Check the website folks because the “cheapest” vehicle at $17,000 is going to be 8 years old Nissan Leaf AZEO and it will only travel 100km on a full charge (barely one circuit of Canberra). The battery life will already be reduced at least 20% and it is only supported by a 24,000km (not miles) warranty. A new battery replacement for this vehicle will cost over $10,000.

Also, I didn’t see any steak knives being offered either so proceed with caution.

    dolphin dolphin 9:59 pm 07 Feb 21

    You really are a broken record Retro. The EV revolution is on its way here. Within a few years hardly any companies will be making petrol vehicles. People like you will still be shouting at the wind, whining and moaning, spruiking the virtues of an obsolete technology.

    Capital Retro Capital Retro 9:34 am 08 Feb 21

    Good luck with your 100km clunker, dolphin.

    JS9 JS9 9:45 am 08 Feb 21

    If you run the world CR, we’d all still be living in caves – one to kybosh any idea that you have any misforgivings over, no matter how utterly ridiculous your position may be. Must be a sad way to exist.

    It is private enterprise trying to fill a gap in the market.

    Capital Retro Capital Retro 1:07 pm 08 Feb 21

    That’s a typical response from someone who can’t deal with the facts when they get in the way of the progressive narrative and everything I have said or linked to on this thread is FACT.

    And there is nothing wrong with living in caves.

    JS9 JS9 10:50 am 09 Feb 21

    The truth hurts CR – you know I’m spot on. You haven’t a progressive bone in your body. The ‘good old way’ is the only way for you – because as long as the damage is being done to someone else and not you, you couldn’t care less. As long as you don’t pay for the externality, and someone else chokes on the coal dust from the coal power plants, or someone else chokes on the nitrous oxide.

    I find it amazing there are human beings out there that are against progress by default. We should be looking for ways to do things better then what we do….. yet your quite happy for the old status quo to be the way forever.

    As I said, you’d rather be running around bashing each other with clubs, living in caves, then actually trying to progress and improve the qualities of lives for all. But that comes from an exceptionally self-centered view of the world I suppose, based solely on individualism and ignoring any ability to see the benefits that accrue from a want to improve collectively the lot of the world.

    Capital Retro Capital Retro 5:16 pm 09 Feb 21

    Where are the statistics that say people are choking in cold dust and on nitrous oxide JS9?

    I think you are a tad too emotive about it all. Hang onto to your internal combustion car just a little longer and see how it all pans out, eh?

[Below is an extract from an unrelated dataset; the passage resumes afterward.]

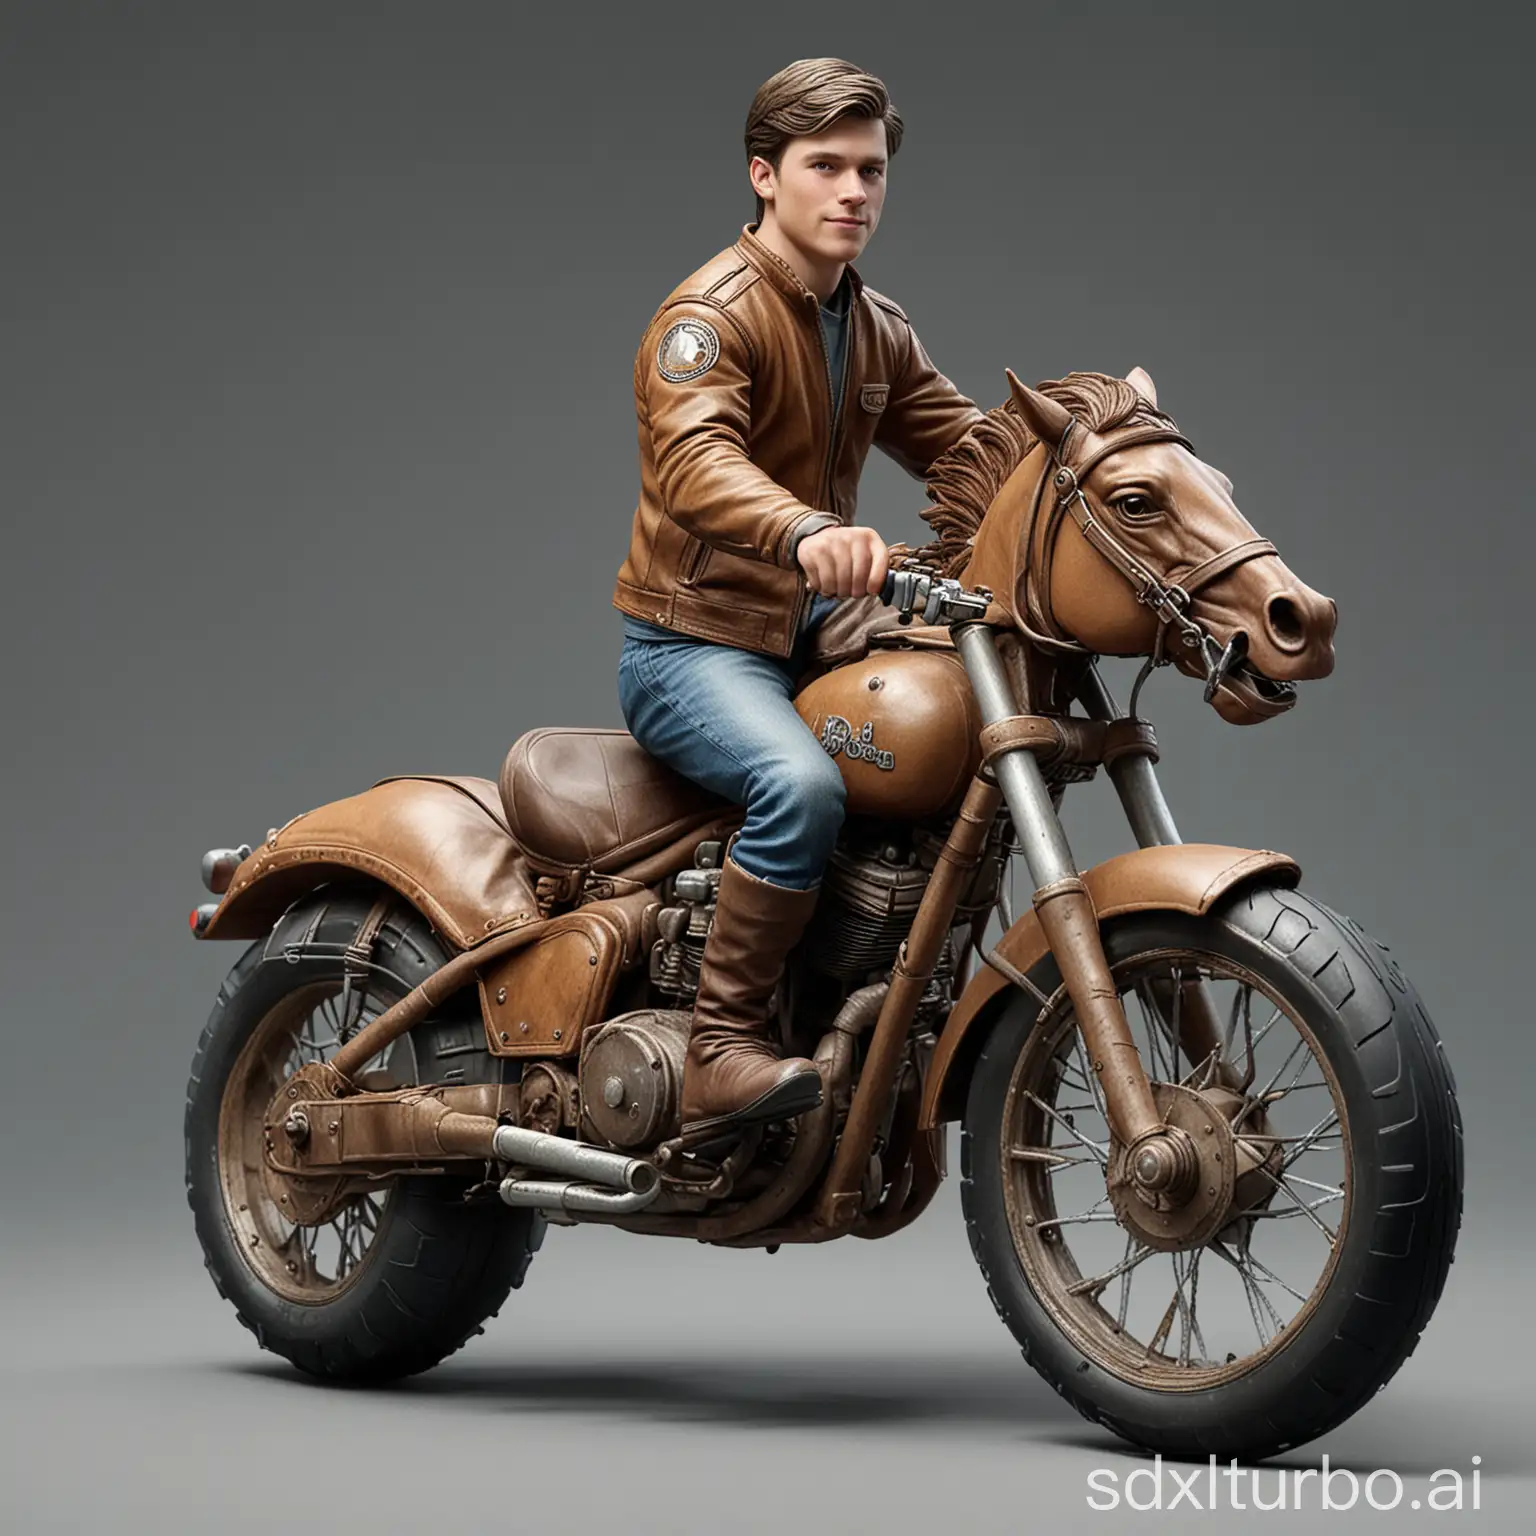 Wade, 18 years old, riding a motorcycle. The motorcycle is in the shape of a horse, and the shape of the picture is realistic and very real. It remains at the same quality. The picture quality is printed 8k.

    JS9 JS9 10:47 pm 09 Feb 21

    Well I’m not sure what ‘cold’ dust does, but coal does enormous damage to human health.

    And nitrous oxides aren’t healthy either. I know google keeps threatening to leave Australia, but until they actually do, there are large amounts of studies out there, peer reviewed by people with far greater intellect than either you or me, showing the significant damage to human health that both of those pollutants do. But no, do stick with your uninformed caveman view of the world, if a little bit of research is beyond you.

    But as I said, you couldn’t give one stuff if the externalities hurt someone else – thankfully such narcissistic views aren’t held by everyone, and some actually do want to make a difference and leave the world a better, not worse place for future generations.

    Capital Retro Capital Retro 9:28 am 10 Feb 21

    I think you realise that the word was meant to be coal, so where are the statistics?

    Re nitrous oxide, there are huge amounts of this toxic stuff produced “under our noses” here in Canberra: https://www.canberratimes.com.au/story/6894934/landfill-methane-gas-to-power-thousands-of-act-homes/

    Are you complaining to the ACT government about this?

Capital Retro Capital Retro 3:15 pm 06 Feb 21

“low-mileage”? They must have been built last century.